Aviz ONES details orchestration for NVIDIA Spectrum-X AI fabrics
Aviz ONES software provides automation and orchestration for NVIDIA Spectrum-X Ethernet fabric, targeting Artificial Intelligence (AI) and High performance computing (HPC) clusters to streamline deployment and scaling of Graphics Processing Unit (GPU), Central Processing Unit (CPU), and storage fabrics.
Integration of ONES and NVIDIA Spectrum-X
The combination of Spectrum-X hardware, including HGX H100/H200 GPUs, Spectrum-4 switches, and BlueField-3 SuperNICs, delivers an Ethernet-based, lossless GPU fabric. ONES complements this by automating network design, configuration, and ongoing management to support AI workloads.
Features of NVIDIA Spectrum-X Hardware
Spectrum-X incorporates high-throughput switches with 128 ports at 400G speeds, enabling dense connectivity. The system includes GPU accelerators and hardware components that facilitate RoCEv2 traffic handling and security within an open networking framework.
Capabilities of ONES Software Orchestration
ONES offers intent-based topology design, Zero-Touch Provisioning (ZTP) for device and fabric configuration without manual Command-Line Interface (CLI) intervention, and continuous validation to detect configuration drift.
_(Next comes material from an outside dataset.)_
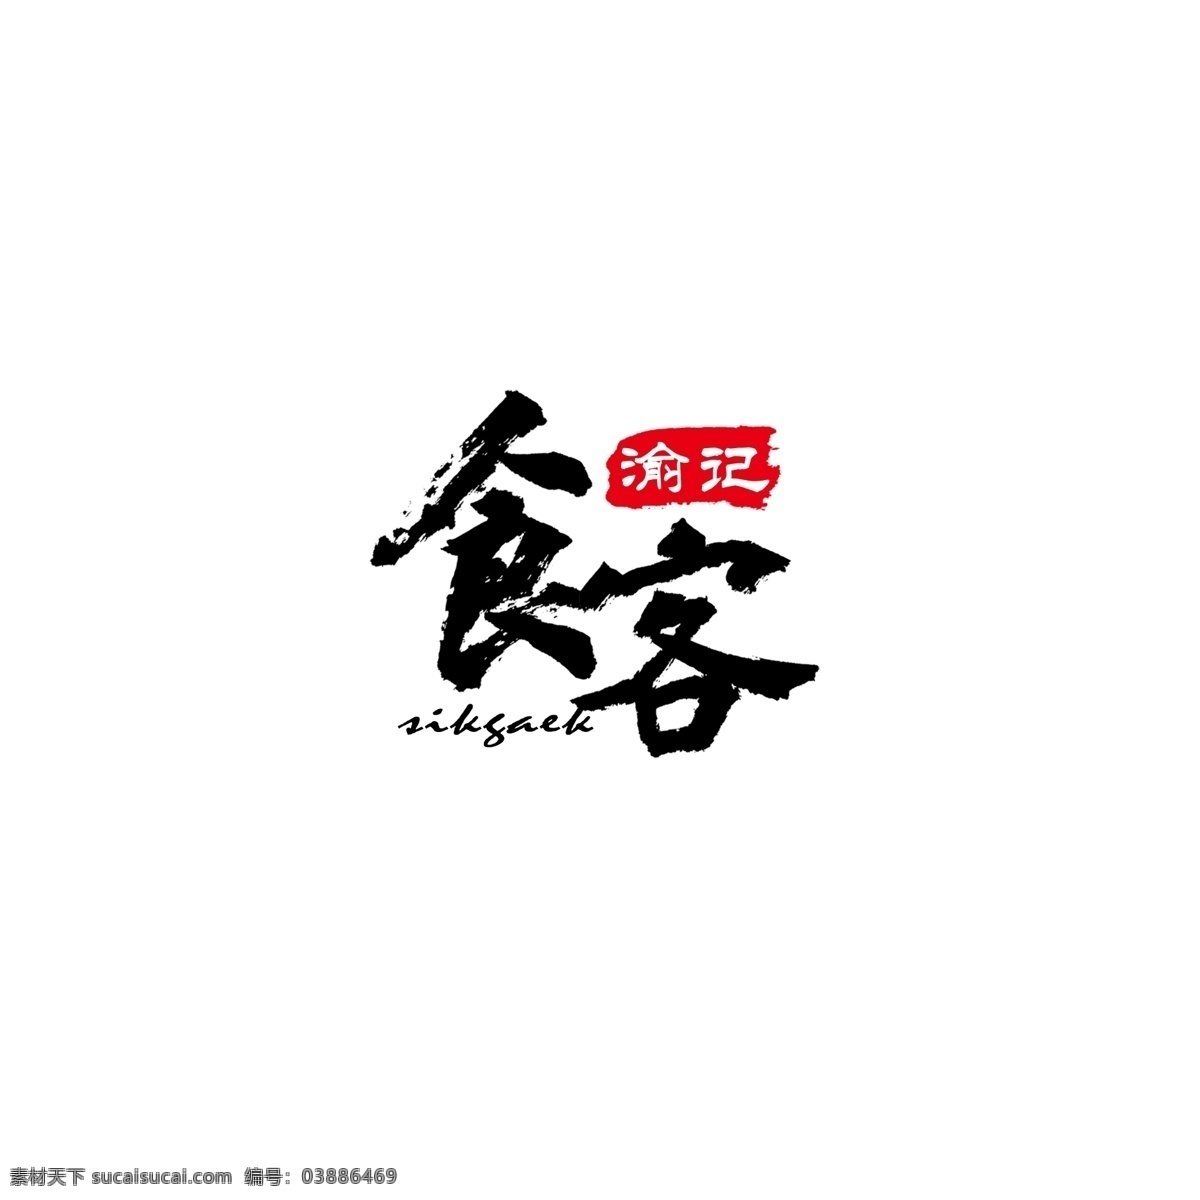 简约 中国 风 手写 字体 餐饮 logo 中国风 印章 手写字体 食客 餐饮logo

It integrates telemetry that monitors various metrics, including Remote Direct Memory Access (DMA) (RDMA) over Converged Ethernet performance and GPU hardware statistics.
Multi-fabric Orchestration and Operational Workflow
ONES manages East-West GPU fabrics optimized for intra-cluster traffic, storage fabrics for data access, and North-South CPU fabrics responsible for management and external communication. It supports automation from initial setup (Day-0), operational management (Day-1), to ongoing maintenance and scaling (Day-2), facilitating activities such as tenant creation, GPU allocation, alerting, and repair workflows.
Scaling Approaches and Visibility Features
Scaling strategies include phased growth by adding spine switches incrementally or upfront investment for maximum capacity to avoid re-cabling. ONES maintains consistent IP mapping and network profiles across scales. For visibility, ONES collects metrics on fabric health, routing states, flow control, GPU utilization, device component statuses, and integrates alerting with communication platforms for rapid issue response.
Implications for AI and HPC Environments
The integrated solution aims to reduce deployment times from weeks to hours, deliver consistent GPU performance in multi-tenant settings, support scaling without infrastructure redesign, and provide operational reliability through validation and automated remediation. These attributes are designed for environments such as AI cloud service providers, research institutions, and enterprises managing HPC infrastructures.
This Blog Signals brief summarizes a vendor blog detailing how Aviz ONES combined with NVIDIA Spectrum-X components offers automated orchestration and management to address the demands of large-scale AI fabric deployment and operation.